KSQT
- Prunedale, California; United States;
- Broadcast area: Monterey Bay Area
- Frequency: 89.7 MHz
- Branding: KSQD Community Radio

Programming
- Format: Community radio; Variety;

Ownership
- Owner: Natural Bridges Media
- Sister stations: KSQD

History
- First air date: 1987
- Former call signs: KFMP (1987–1988); KCLM (1988); KLVM (1988–2018); KNVM (2018–2023);

Technical information
- Licensing authority: FCC
- Facility ID: 72566
- Class: B
- ERP: 450 watts
- HAAT: 715 meters
- Transmitter coordinates: 36°45′22.00″N 121°30′06.00″W﻿ / ﻿36.7561111°N 121.5016667°W
- Translator: 89.5 K208GE (Monterey)

Links
- Public license information: Public file; LMS;
- Webcast: Listen live
- Website: ksqd.org

= KSQT =

Radio station in California, United States

KSQT (89.7 FM) is a radio station licensed to serve Prunedale, California. The nonprofit community radio station is owned by Natural Bridges Media, and airs a variety format.

==Swap to Educational Media Foundation==
Prunedale Educational Association announced it would be swapping the then-KLVM and its five translators to Educational Media Foundation (EMF) for KARW Salinas. The transaction was consummated on December 19, 2017. EMF changed the station's call sign to KNVM on January 22, 2018. In 2019, EMF flipped KNVM to its Radio Nueva Vida programming.

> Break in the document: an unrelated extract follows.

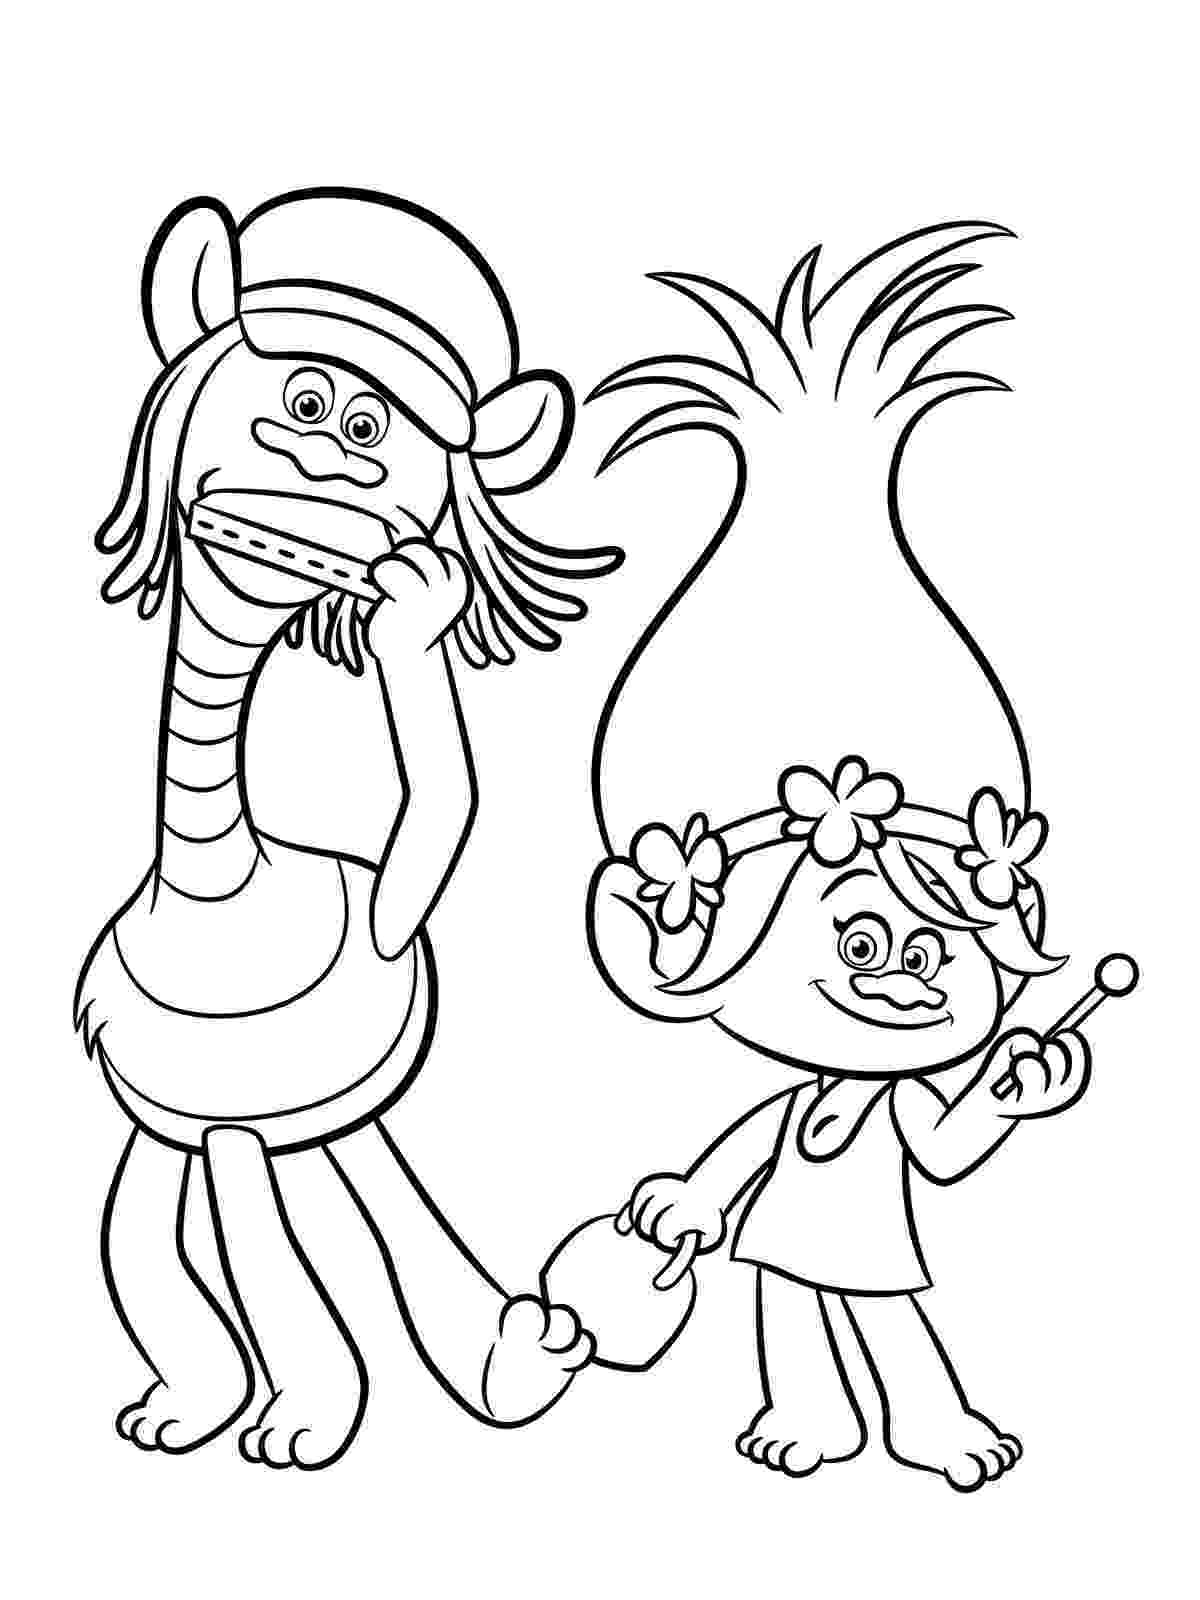 disney coloring pages online disney coloring pages best coloring pages for kids online disney pages coloring

==2023 sale and format change==
On February 5, 2023, Natural Bridges Media, owner of KSQD in Santa Cruz, California, announced that it would acquire KNVM 89.7 FM and the 89.5 K208GE translator in Monterey from EMF. The sale closed on June 8, 2023, and on June 17, KNVM flipped to a simulcast of KSQD to reach the Monterey-Salinas area, which is poorly covered by the original KSQD signal. The station changed its callsign to KSQT on June 24, 2023.